Le piège d’Internet. La toile. The Network, comme si bien décrit, nous permet de nous exprimer tout en nous dissimulant. Et quoi de mieux pour les prédateurs ? Parler d’art, se dire poète, complimenter par-ci par-là quelques jolies gamines qui, se sentant flattées, répondent le plus naturellement du monde : « Merci, c’est adorable ! » Quoi de plus naturel, dites-moi, que de vouloir être regardée, aimée ? Qu’à 15 comme à 50 ans, se sentir désirable soit un atout pour grandir, une nécessité pour s’accepter ? Alors comment prendre un compliment, un seul, d’une personne de deux fois votre âge, qui vous trouve jolie, intelligente et artiste ? Le prendre en souriant, fière. Mais qu’arrive-t-il derrière ces compliments, pianotés non sans arrière-pensée ?

Aujourd’hui, nous espérons mettre fin aux agissements de pervers, d’apparence doux et adorables, rêveurs et grands enfants, qui derrière leurs claviers nous complimentent. C’est un message, puis deux, puis trois, puis de longues conversations. Nous banalisons. Les mots doux d’un homme de 28 ans ? Nous rions nerveusement derrière nos écrans, non sans nous inquiéter quelque peu. Mais à quoi bon ? Nous sommes protégées par ce même écran. Aujourd’hui, je parle au nom de ces filles, adolescentes entre 14 et 18 ans, qui ont été les victimes d’un certain poète twitterien, âgé de 28 ans. Il a envoyé des propositions sexuelles, parlé de mariage, d’amour fou, de liens cosmiques comme à la plupart d’entre nous. Les unes après les autres, il nous faisait imaginer le plus bel amour qui soit. J’ai eu la chance de me réveiller plus tôt que certaines et d’avoir mis fin à ce petit jeu malsain. Mais comment réagir lorsque cet adulte, suite à nos messages inquiets et lui ordonnant d’arrêter de nous parler, nous parle alors de se suicider ? Nous dit que nous sommes LA fille de sa vie, et que sans nous la vie perd tout son charme ? Nous l’avons bloqué, sur tous les réseaux sociaux, et deux jours plus tard, j’ai reçu un mail. De sa part.
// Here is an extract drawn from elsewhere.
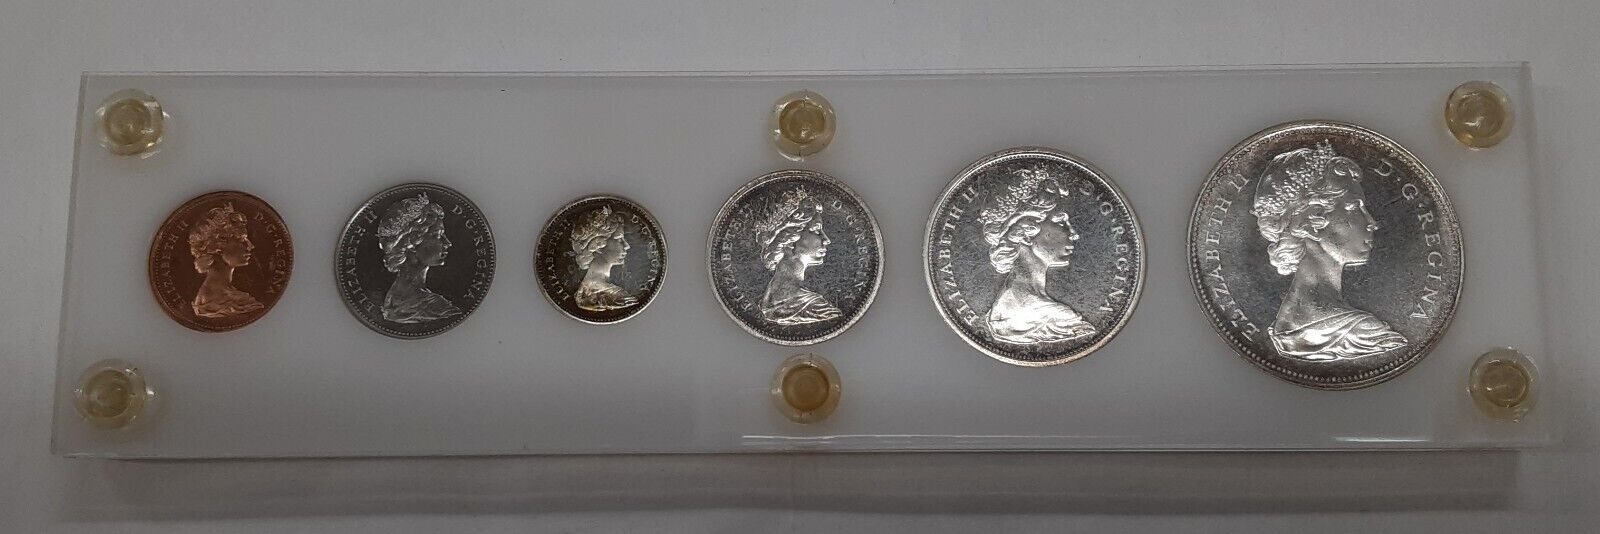 1966 Canada 6 Coin Mint Set Queen Elizabeth II BU in White Acrylic Holder
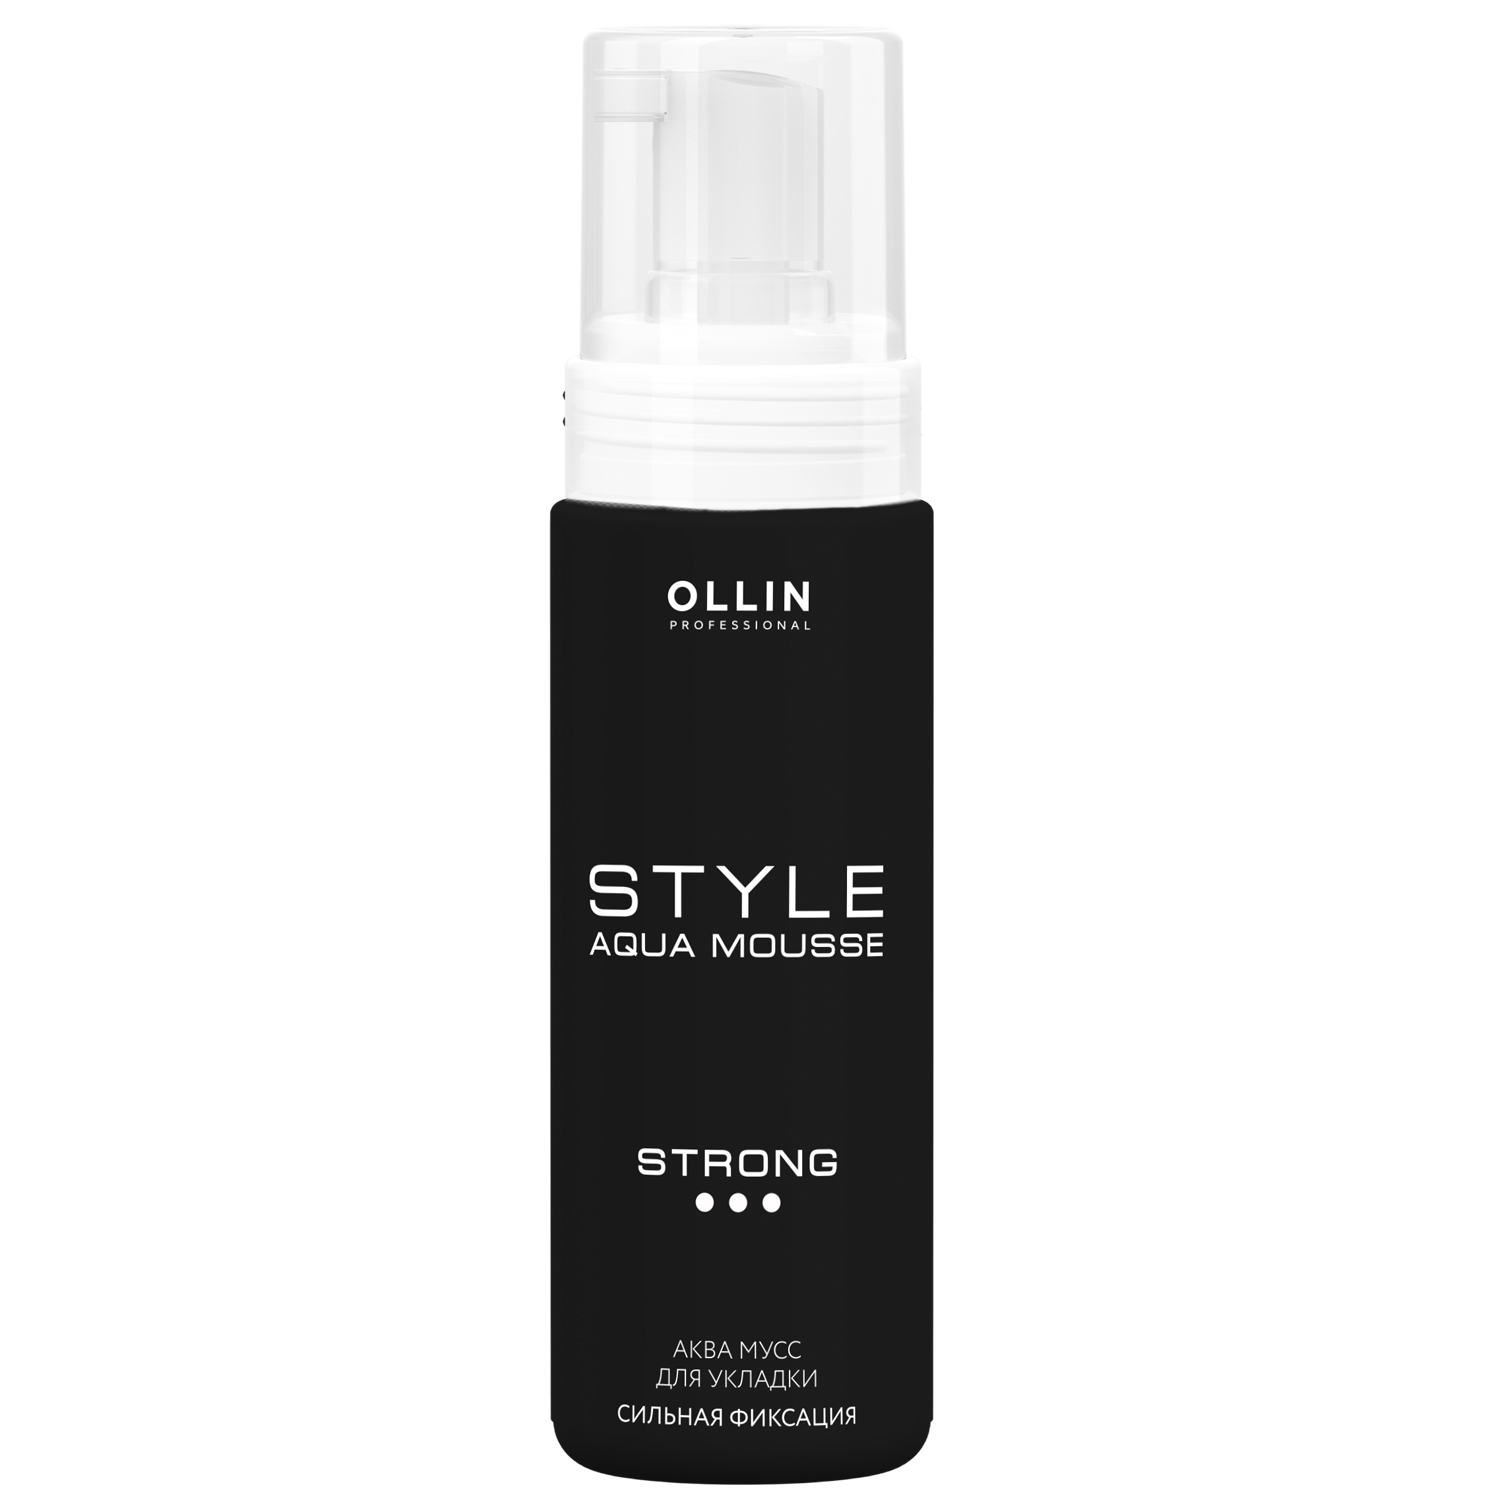 Ollin Professional Аквамусс для укладки сильной фиксации, 150 мл (Ollin Professional, Style)

Cet homme avait été jusqu’au fin fond de mon blog pêcher mon adresse mail. Ce mail était tendre, poétique. Mais j’ai préféré vomir dessus que de reprendre contact avec un fou furieux pédophile. En lisant ceci, il s’en ira dire que jamais, à son grand dam, jamais son intention n’a été de nous séduire. Alors que dire devant la preuve accablante d’un screenshot qu’une gamine de 15 ans a effectué, où l’énergumène lui disait clairement vouloir « se remuer dans elle » et « la faire venir à Paris pour une folle nuit » où « il lui ferait du bien » ? ! Où il lui propose « de lui faire l’amour »… QUE DIRE ? ! Sous la couverture d’un gentil artiste encore enfant, l’homme nous propose des relations sexuelles. Suis-je obligée de rappeler qu’entre les 15 ans de cette jeune fille et ses 28 ans subsistent 13 ans d’écart ?

Contre le harcèlement, contre ce sentiment de culpabilité qui pèse aujourd’hui sur nous, jeunes filles mineures, après avoir reçu des menaces de suicide de sa part lorsque nous le rejetions, je dis NON. NON au harcèlement sur le web, OUI à l’acceptation de ses conséquences, NON à la banalisation de la drague d’un adulte responsable sur de jeunes mineures, NON à la liberté de ces individus qui, conscients de leurs charmes, en usent pour provoquer des rencontres réelles et abuser de ces jeunes filles. Aujourd’hui, toute trace de remords a disparu. Parce qu’aujourd’hui, nous avons évité à un prédateur de faire sa première victime. Et j’en suis fière, car malgré les insultes et les « vous n’avez pas été violées », nous avons évité un « je n’ai pas pu l’en empêcher ».